Vorstellung des Landes

Geschichte

Usbekistan ist ein junges Land, das erst seit 1924 existiert. Transoxanien, wie man das Territorium im Altertum nannte, hat jedoch eine sehr lange und bewegte Geschichte, die von Eroberungen und Fremdherrschaft gezeichnet ist.

Die erste große Herrschaftsdynastie des Gebietes waren die Achämeniden. Sie gründeten das erste persische Großreich, welches unter Kyros II. 550 v. Chr. in die Regionen Zentralasiens ausgedehnt wurde. Um 330 v. Chr. beendete Alexander der Große die Herrschaft der Perser. Mit dem Tod Alexanders 323 v. Chr. zerfiel das Weltreich in zwei Teile: das Partherreich und das Griechisch-Baktrische Reich. Beide wurden im 1. Jahrhundert n. Chr. vom Stamm der Kuschan erobert. Der Handel auf der Seidenstraße prägte das Land und brachte den Buddhismus in die Region. Um ca. 220 n. Chr. wurde das Kuschanreich von persischen Sassaniden eingenommen und wurde Teil des zweiten persischen Großreiches.

Mit dem Tod des Propheten Mohammed im Jahr 632 n. Chr. begann eine Zeit arabischer Eroberungen und damit die Islamisierung der gesamten Region. Die folgende Zeit wurde von wechselnden Dynastien bestimmt. Die wichtigste unter ihnen war die der Samaniden (819 bis 1005) unter denen die Region wirtschaftlich aufblühte. Unter Dschingis Khan wurden alle mongolischen Stämme in einer großen Konföderation vereinigt und das Mongolische Reich wuchs im Laufe der Jahre. Es wurde Mitte des 14.Jahrhunderts von den Timuriden übernommen. Anfang des 16. Jahrhunderts entstanden aus dem zerfallenen Reich der Timuriden mehrere neue Reiche, in Zentralasien war dies das Schaibanidenreich. 1600 hatten die Usbeken, ursprünglich ein Turkvolk aus Westsibirien, das Territorium des jetzigen Usbekistan vollständig besetzt. Aus diesem Schaibanidenreich legitimiert sich der heutige usbekische Staat. Der usbekische Einheitsstaat zerfiel aber um 1700 in drei regionale Khanate. Im Verlaufe des 18. Jahrhunderts ging der Wohlstand der zentralasiatischen Groß- und Kleinmächte immer mehr zurück.

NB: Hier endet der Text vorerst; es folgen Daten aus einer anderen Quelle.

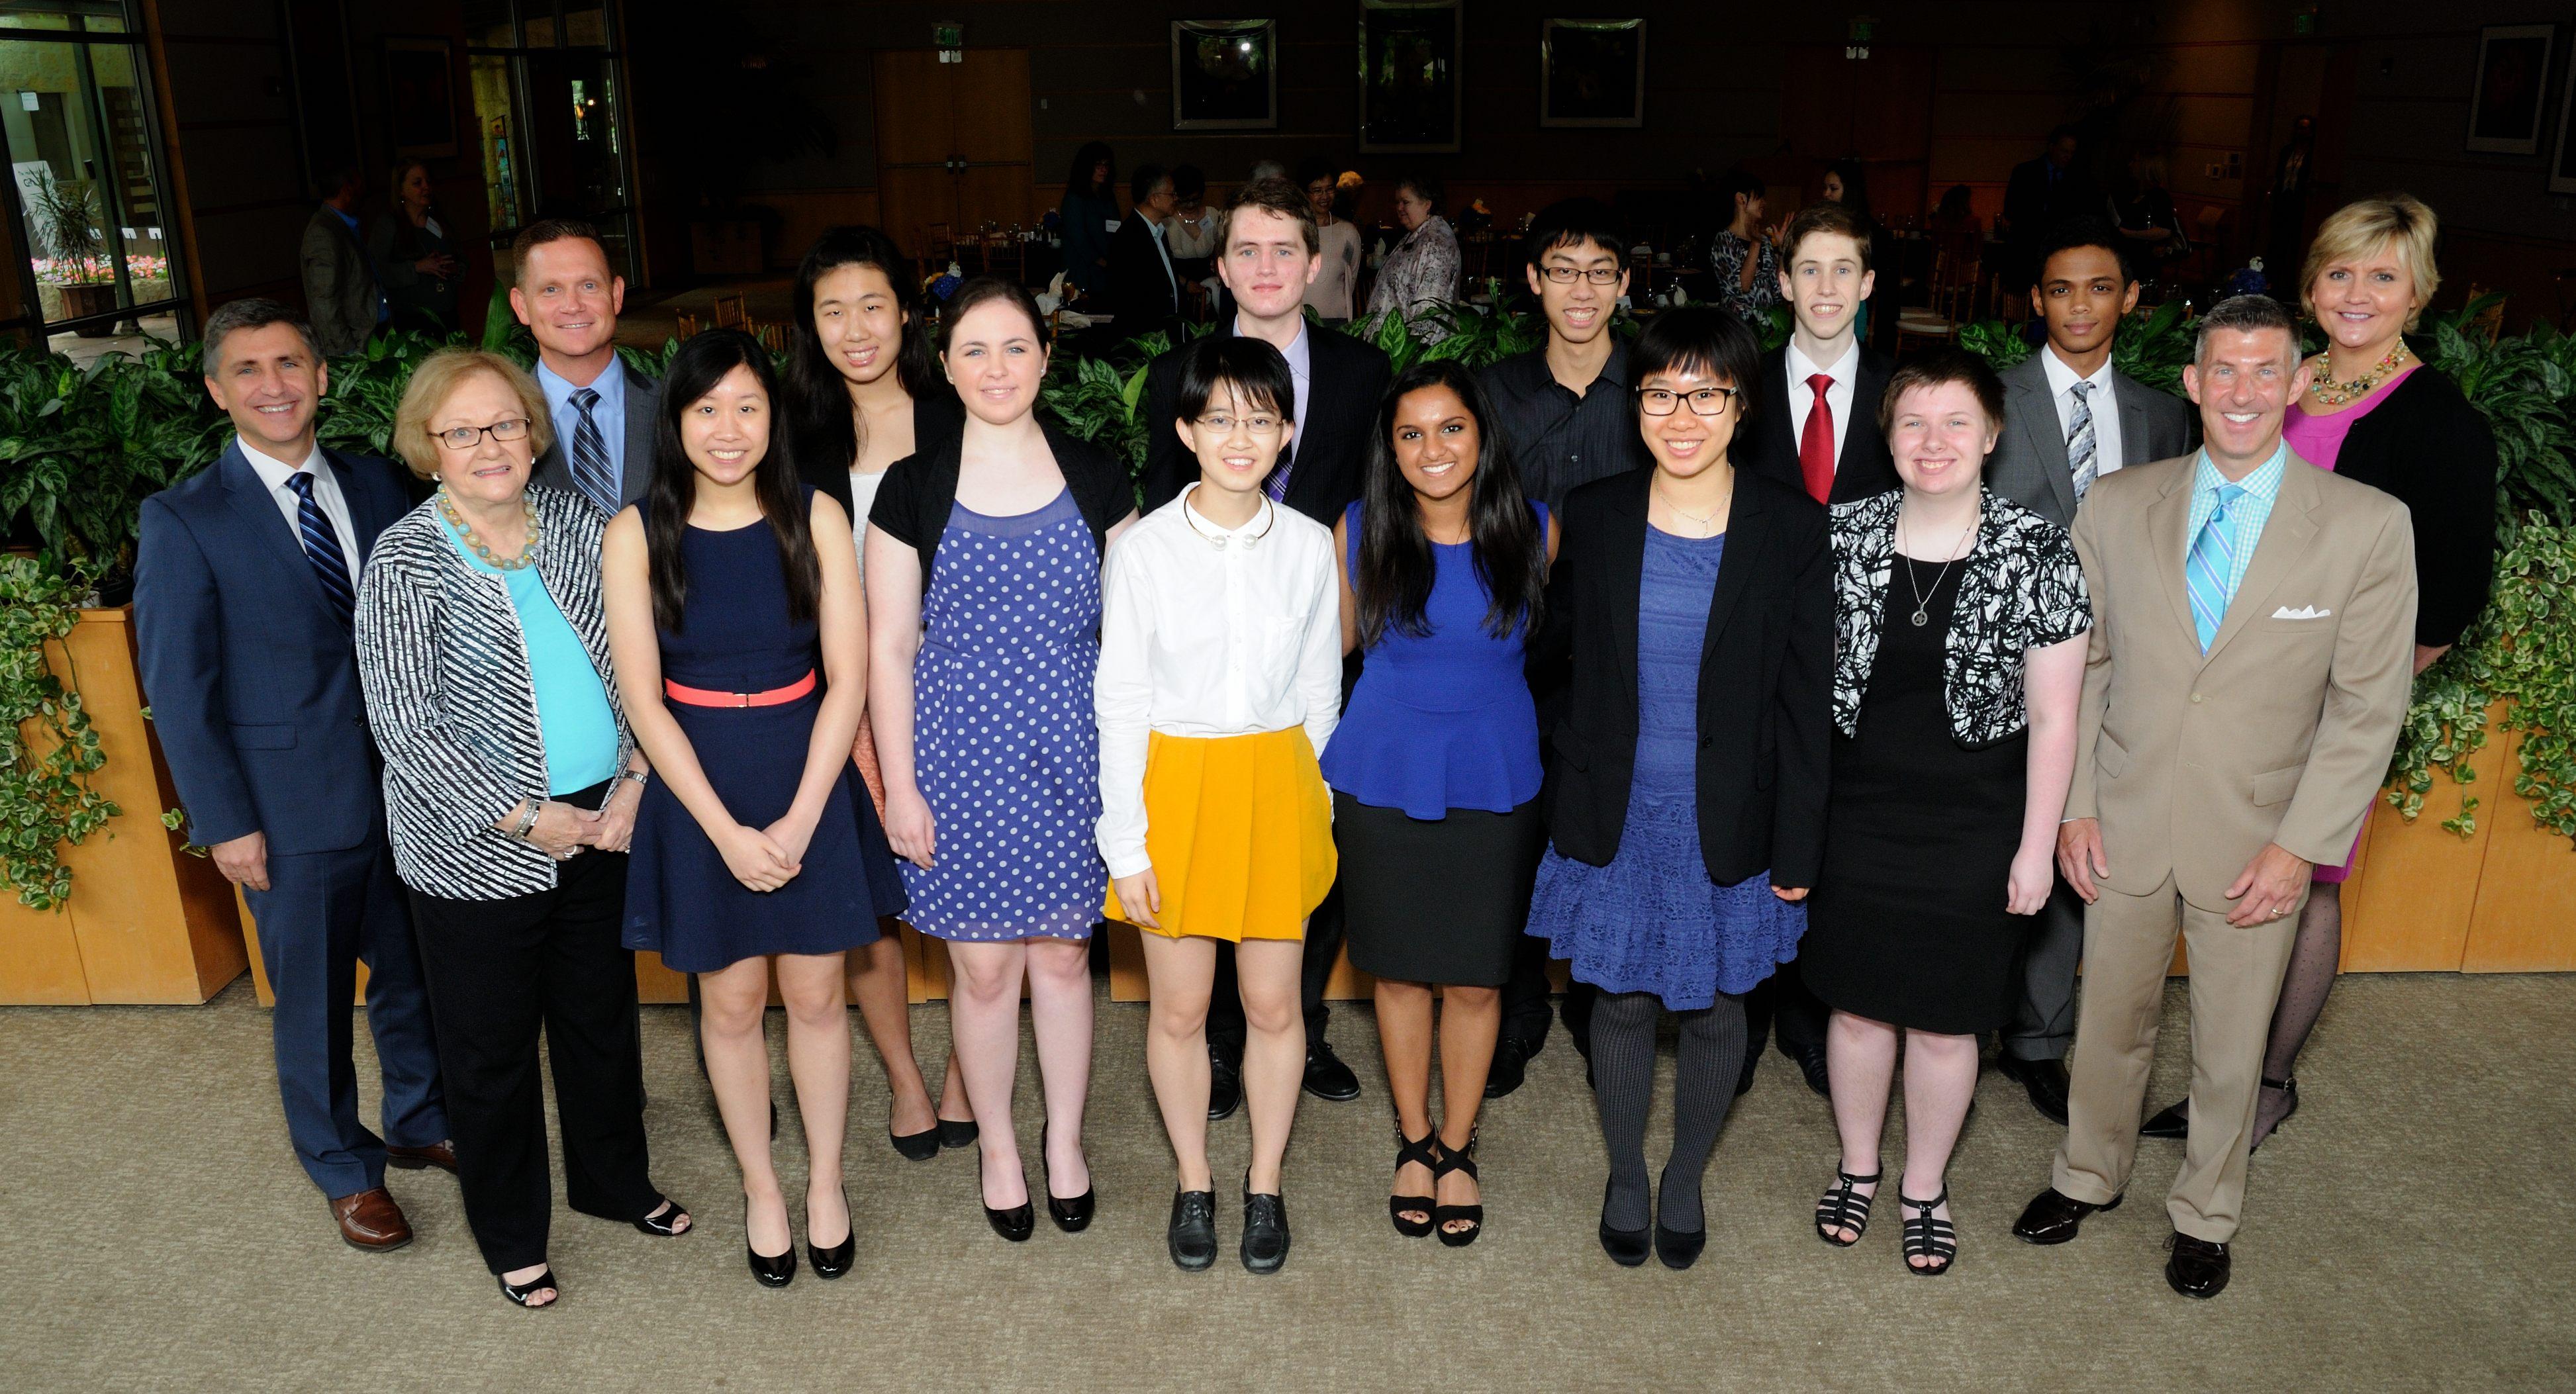 TI names 23 Junkins National Merit Scholarship® winners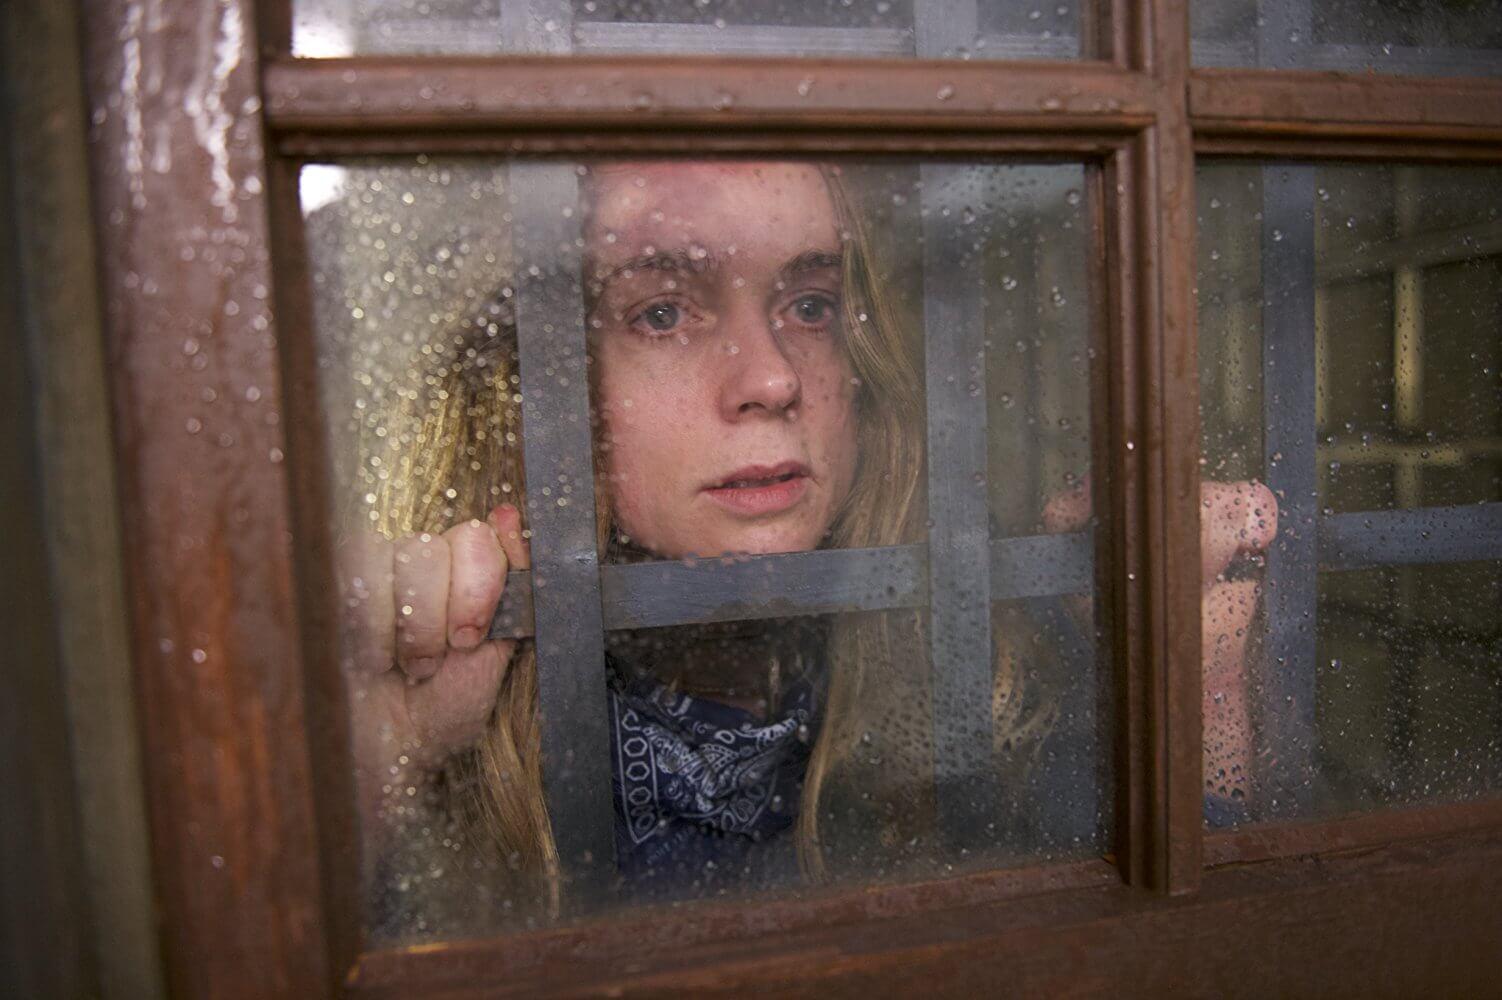 Cô gái bị giam cầm - Bad Samaritan

Im kalten Krieg eroberte Russland 1865 auch Taschkent und später weitere Gebiete wie Samarkand und das Emirat Buchara. Während der russischen Kolonialherrschaft kam es 1916 zu einem Aufstand, der blutig niedergeschlagen wurde. Der Sturz des Zaren im Februar 1917 führte zu Aufständen und der Oktoberrevolution 1917. 1918 wurde Turkestan die Turkestanische Autonome Sozialistische Sowjetrepublik. 1924 erfolgte die Neugliederung der Sowjetrepubliken in Zentralasien. Diese Teilung war Geburtsstunde Usbekistans, mit vollständigem Namen: Usbekische Sozialistische Sowjetrepublik. 1925 trat sie der UdSSR bei. Es folgten Jahre der Sowjetisierung und Usbekistan war vor allem in seiner Baumwollproduktion von der Sowjetunion abhängig.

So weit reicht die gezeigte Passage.